According to Sam and Jim Commenting on things that irk us off, make us laugh out loud or just seem too weird too believe According to Sam and Jim: Warning May Be Too Late

Friday, November 11, 2011

Warning May Be Too Late


The next sound you hear might be a thermonuclear detonation or a roaring tsunami about to drown your sorry fanny and sweep you away like so much dirty beach detritus. You should receive an early warning over the national Emergency Alert System (EAS) but you might not, because on Wednesday a test of the system failed miserably.

Some television, radio and cable stations apparently aired the test emergency broadcast, but others weren’t able to because of glitches in the system. The New York Times reported that some DirectTV subscribers' television sets played the Lady Gaga song "Paparazzi" when the test was under way (in case of emergency get up and dance?) and some Comcast subscribers in northern Virginia had their TV sets switched over to a shopping channel.

The Federal Emergency Management Agency has said since the test that it will be collecting and studying data from the test in order to ensure the big boo-boo won’t happen again. The Emergency Broadcast System, originally designed in the 1950s, was revamped as the Emergency Alert System in the 1990s, and is run by the Federal Emergency Management Administration and the FCC. The goal of Wednesday's test was to ensure that our president could activate the system to inform the public in times of emergency.

But even if the glitches in the EAS are fixed, what makes our leaders think we’re actually going to receive an early-warning message of impending doom? How many people didn’t have their TV sets or radios turned on when the test broadcast was supposed to occur? Kathleen and I seldom turn on the radio or TV. I heard somebody say that next time the EAS might text cell phone users to ensure more people could receive a warning. We don’t turn our cell phones on all the time either and we seldom check for text messages.

The big problem that I see with the EAS though is the panic that will ensue if people do receive a warning in time. You and I both know that as soon as someone tells you not to panic you PANIC. I don’t know about other parts of the country, but in Western Washington our government leaders have directed that cities and towns designate evacuation routes for emergencies and have seen to it that signs have been put up to that effect. You’ve probably seen them: “Tsunami Evacuation Route.”
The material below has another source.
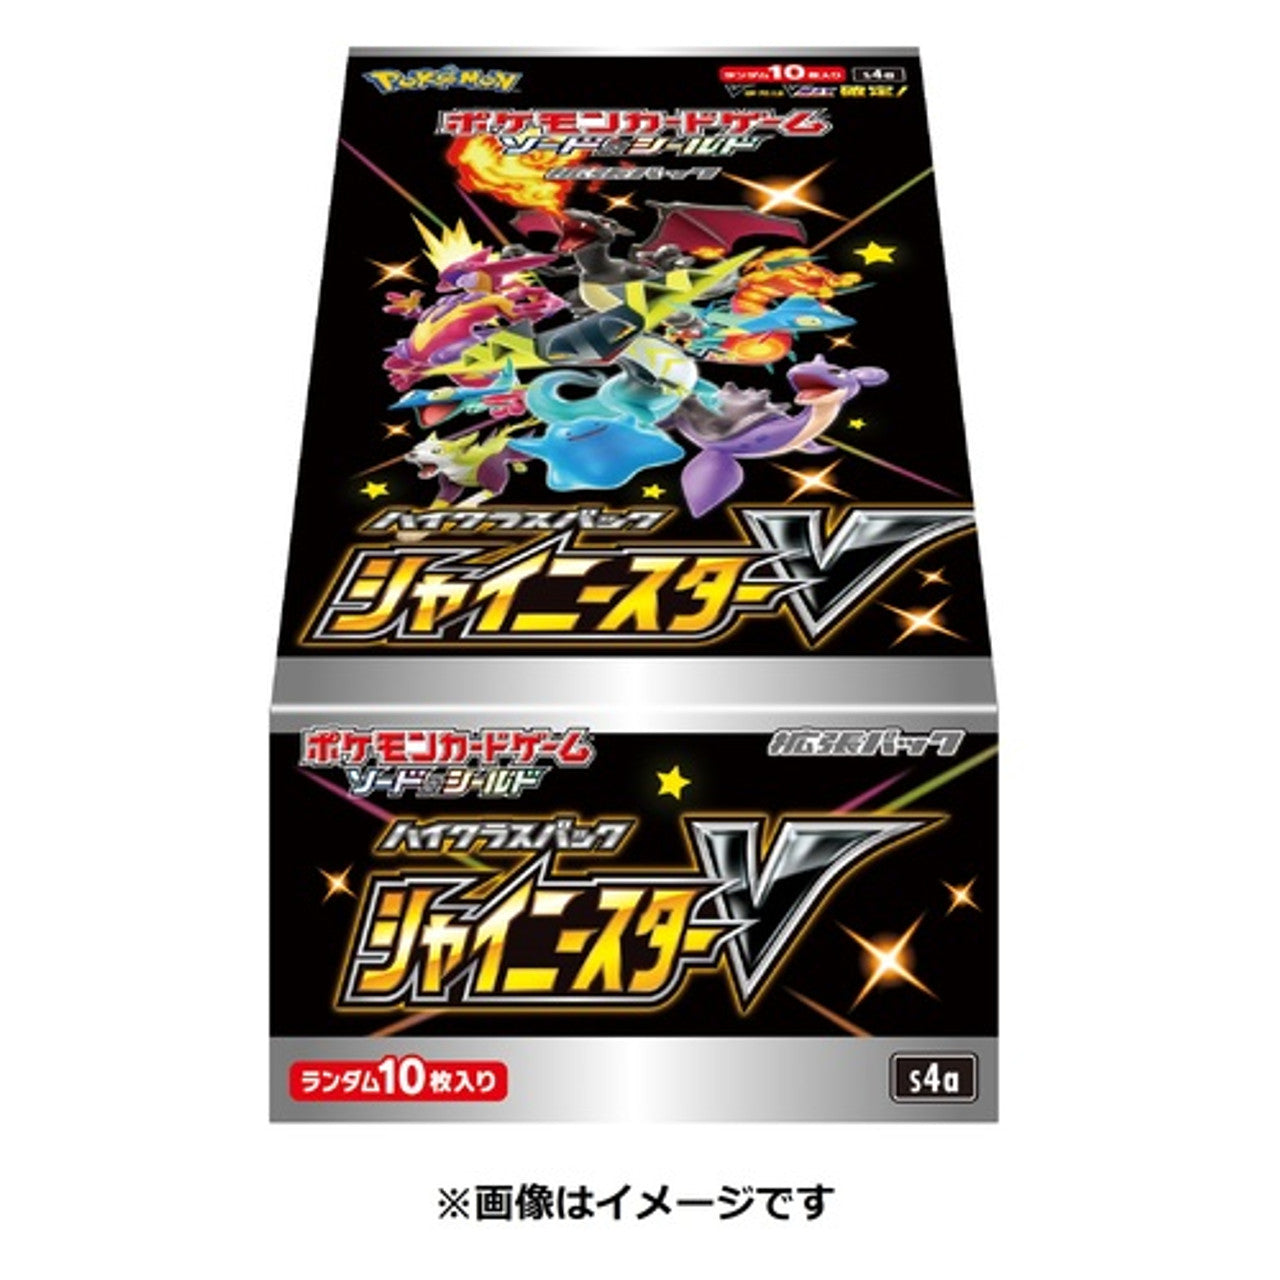 Pokemon Sword & Shield S4a High Class Pack Shiny Star V Box - Japanese - Miraj Trading

But official evacuation routes tend to become sort of clogged during times of emergency. Just watch news coverage of areas where disaster or impending disaster has been declared. The people who seem to be most successful at escape are the ones who exit their vehicles – though they shouldn’t do it in the middle of the road – and hike the heck out of harm’s way. It is ironic to me that former president Dwight Eisenhower pushed for the development of our interstate highway system in order to ensure rapid deployment of our military and now, even on a normal weekday, most of our interstate highways are so clogged you can’t even drive a tank through the gridlock.

Dogs often sense impending earthquakes, so hopefully, Sam will warn us of one of those. As for the H-bomb and Tsunamis, to quote TV’s M.A.S.H. psychiatrist Sidney Freedman, "Ladies and gentlemen take my advice, drop your pants and slide on the ice."